1. What is the flume

1) Flume provides a distributed, reliable, large amounts of log data for efficient collection, aggregation, mobile services, Flume can only run in a Linux environment.
2) Flume flow-based architecture, fault-tolerant, flexible and very simple, simple structure.
3) Flume, Kafka used for real-time data collection, Spark, Storm for real-time processing data, impala used for real-time query.

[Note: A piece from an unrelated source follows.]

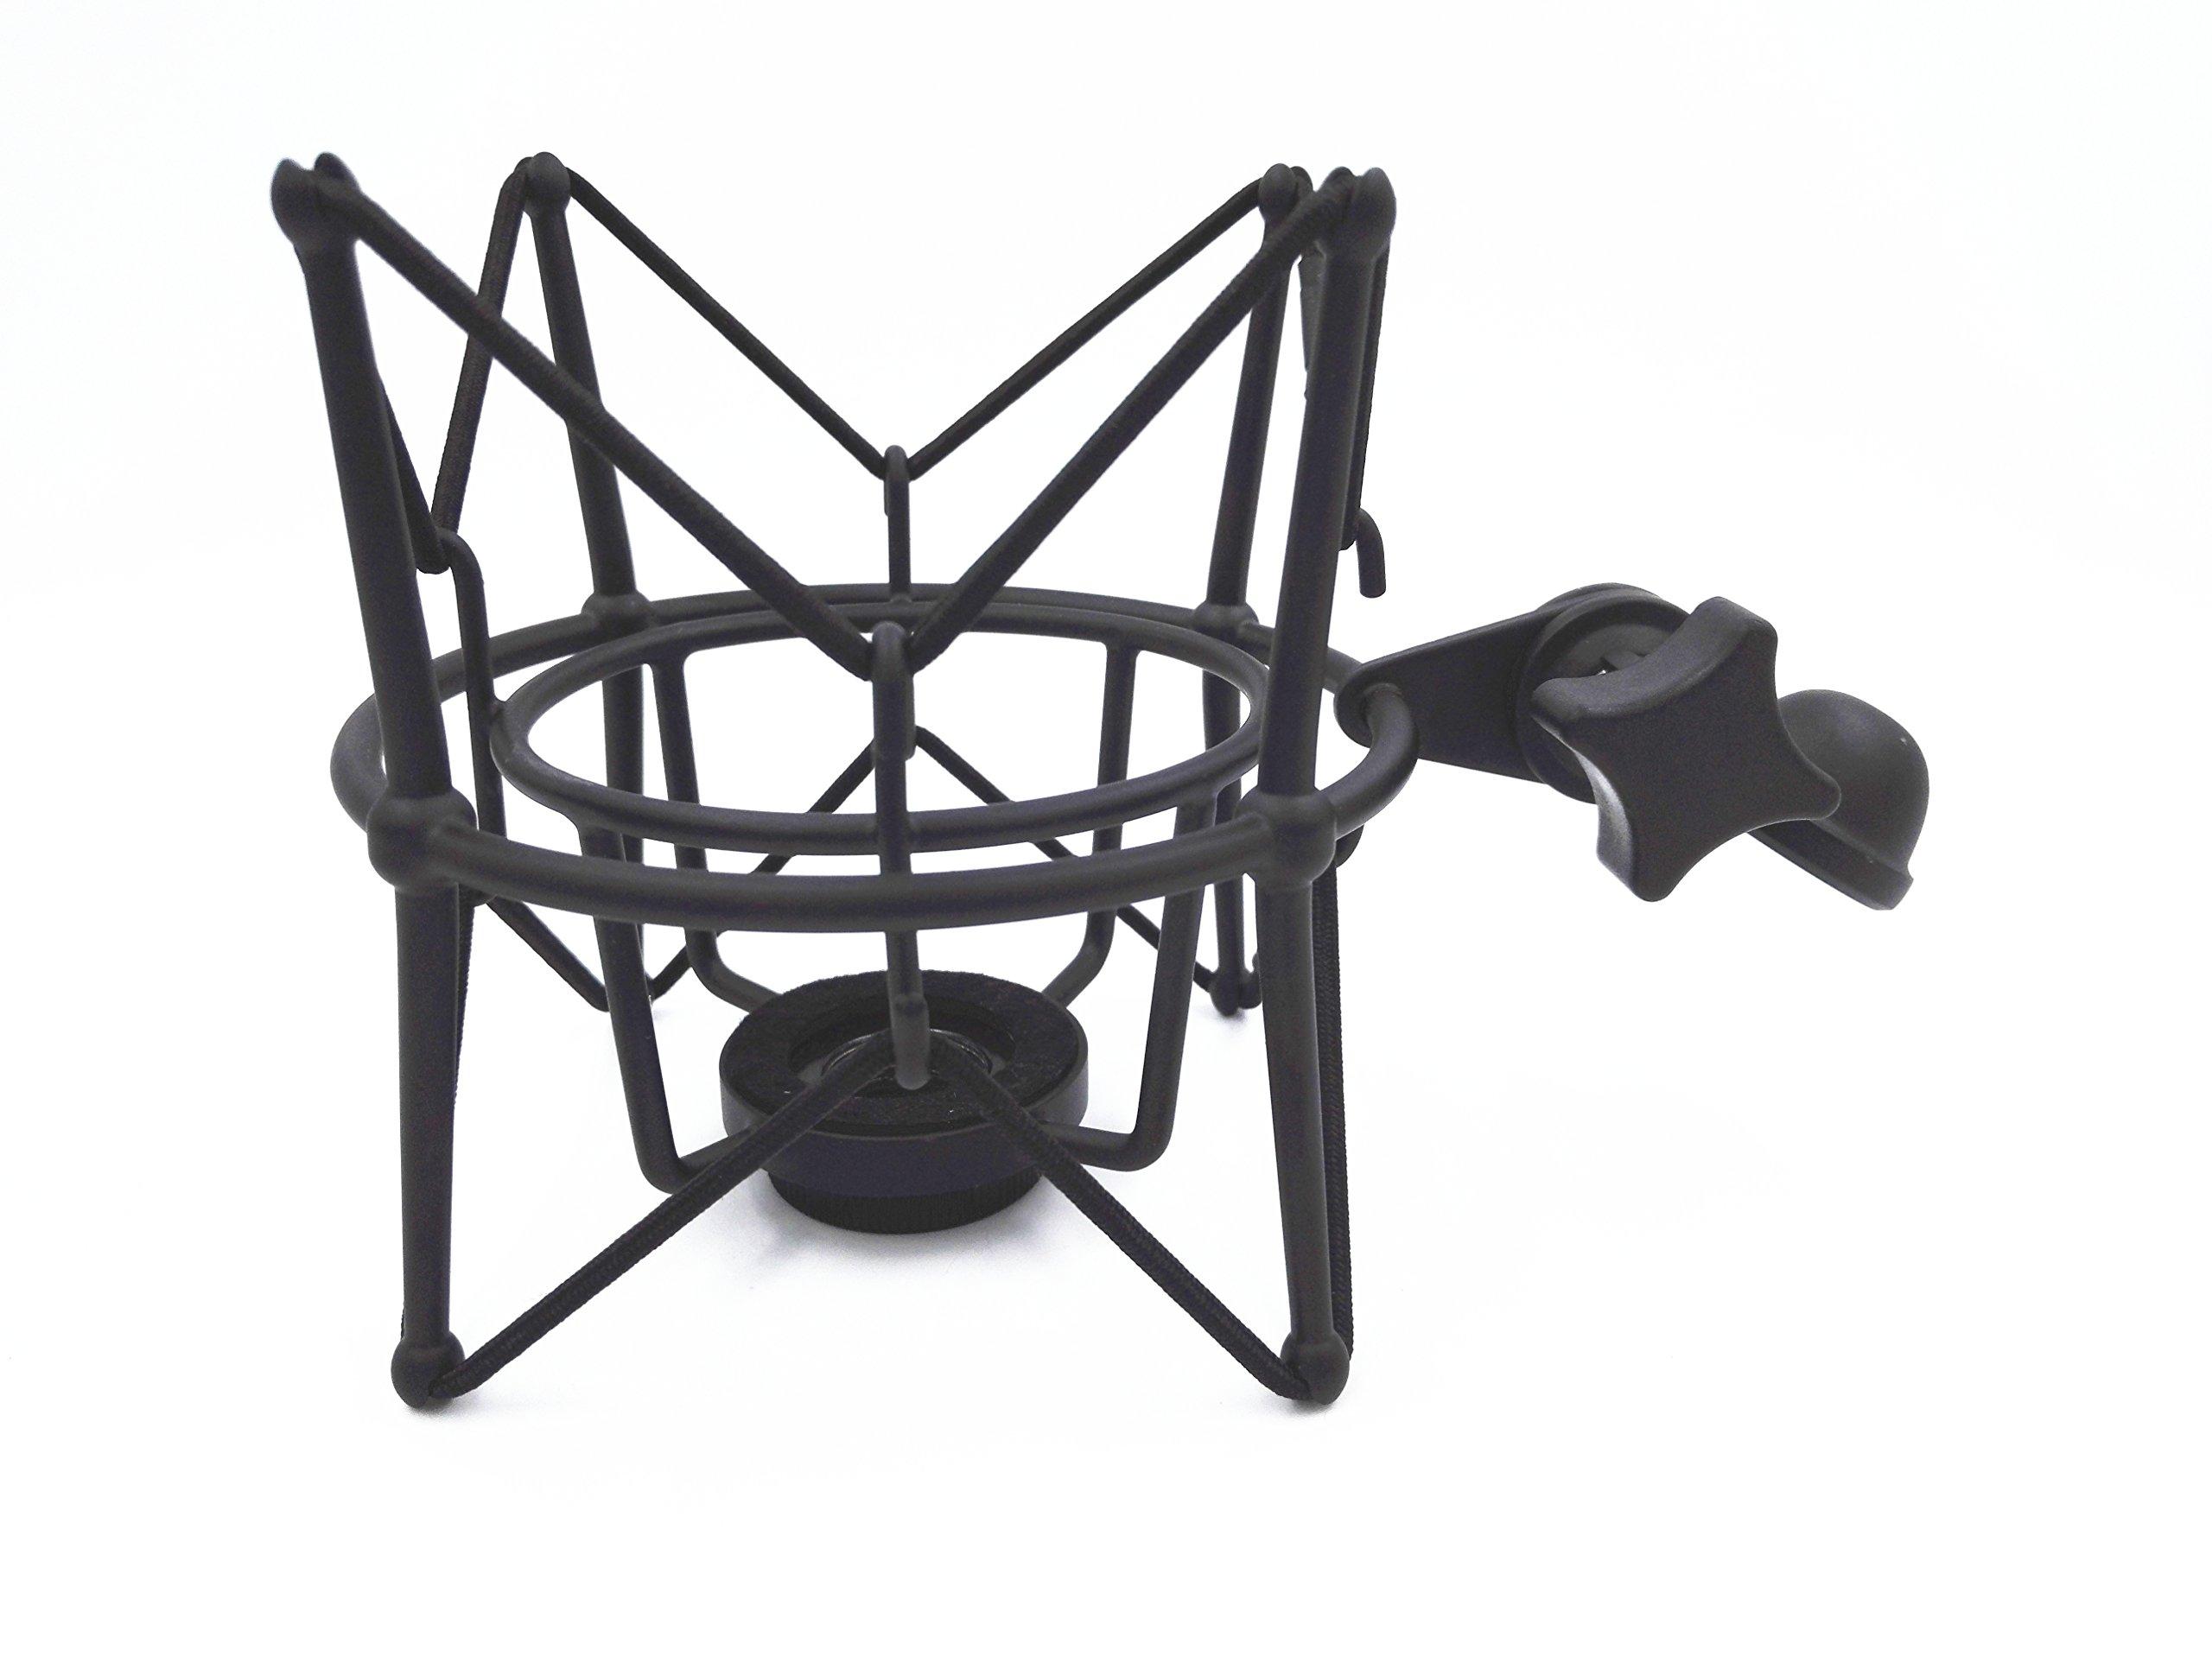 Boseen Studio Condenser Metal Microphone Spider Shock Mount Holder Clip Anti Vibration Suspension High Isolation, Ideal for Radio Broadcasting Studio, Voice-over Sound Studio and Recording(Black)
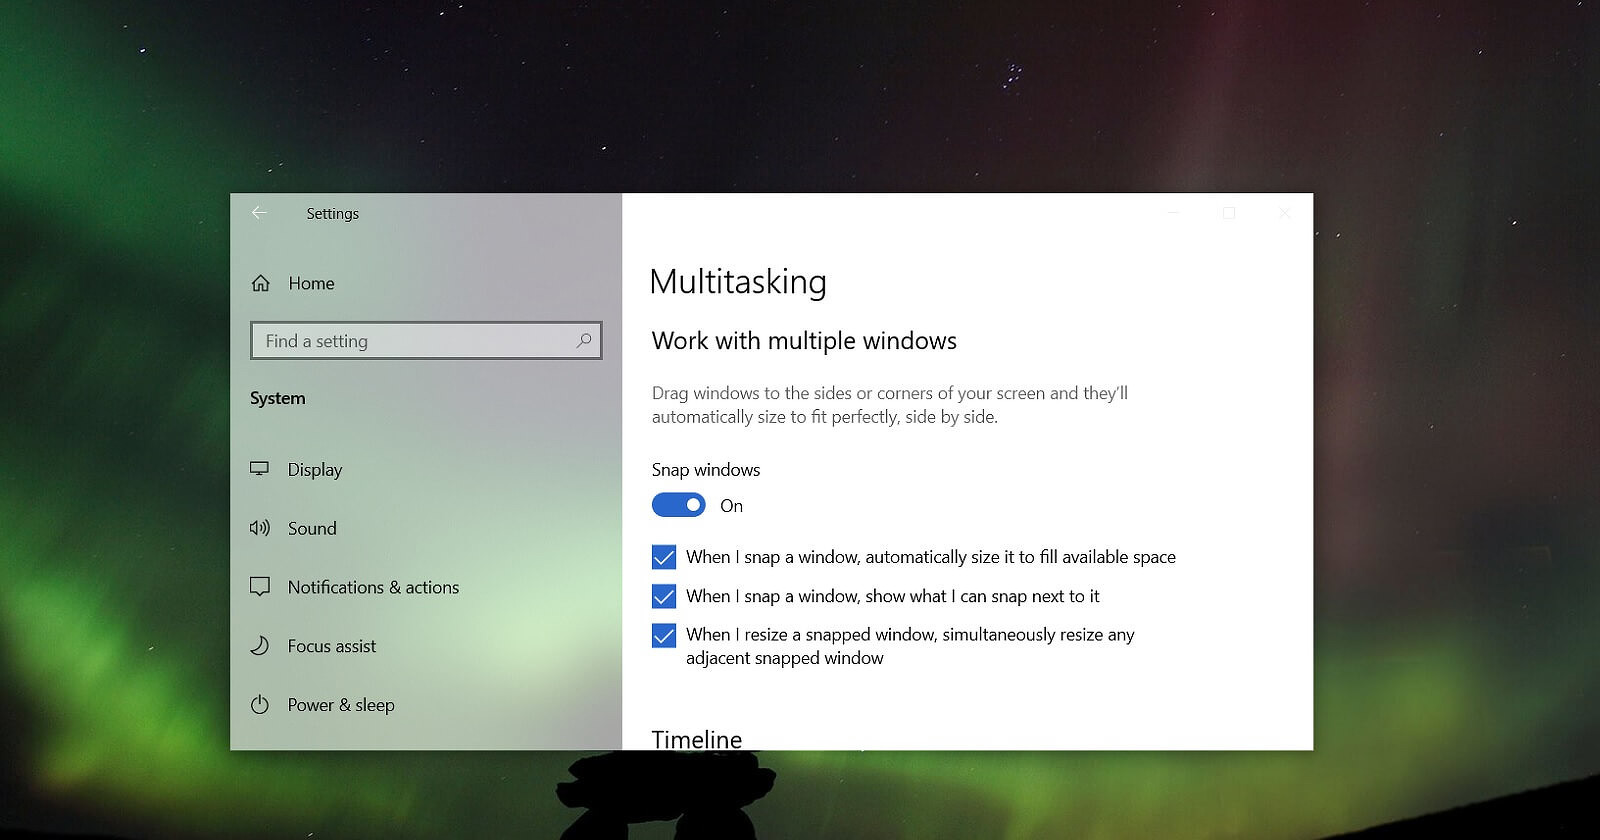 windows10multitaskingfeature.jpg

2, the basic architecture of the flume

A, Flume-- data acquisition and use of the basic principle

Figure 1.1 flume architecture

Speaking flume architecture, take a direct view of the official website is sufficient.
First, will deploy a flume agent on each data source, this agent is used to take the data.
The agent consists of three components: source, channel, sink. In the flume, the basic unit of data transmission is the event. Here to talk about these concepts

(1)source

For collecting data from a data source and the data transmission channel. source supports a variety of data sources collection methods. Such as listening port to collect data, collected from documents collected from the catalog, such as collection from the http service.

(2)channel

Located between the source and sink, it is a data staging area. Normally, the rate will be different from the rate data source and sink flows out of outflow data. So who needs a temporary storage space no way to transfer to the sink for data processing. Therefore, similar to a channel buffer, a queue.

(3)sink

Obtain data from the channel, and the data is written to the target source. Support for multiple target source, such as a local file, hdfs, kafka, next flume agent of the source can be.

(4)event

Transmission unit, the basic unit of transmission flume, comprising two headers and a body portion, header may add header information, the data body.

3, flume transmission

Based on the above concepts, the basic process is very clear, source monitoring data source, if a new data, the data is acquired, and packaged into one event, and then transmitted to the channel event, and then sink pulls data written to the target source from the channel in.

Two, flume use

1, flume deployment

The flume deployment itself is very simple,
(1) the deployment jdk1.8
program (2) extracting archive flume to the specified directory, and then to add the environment variable
(3) Modify Profile

cd /opt/modules/apache-flume-1.8.0-bin

将模板配置文件复制重命名为正式配置文件
cp conf/flume-env.sh.template conf/flume-env.sh

添加jdk家目录变量
vim conf/flume-env.sh
加上这句
export JAVA_HOME=/opt/modules/jdk1.8.0_144

This completes the configuration, and basically nothing difficult. flume use focuses on the preparation of agent profiles according to different scenarios, the configuration is different. In simple terms is actually configured to work property source, channel, sink three assembly.

2, agent process defined

agent configuration is actually configure the source, channel, sink in. There are five steps below to see how this process is.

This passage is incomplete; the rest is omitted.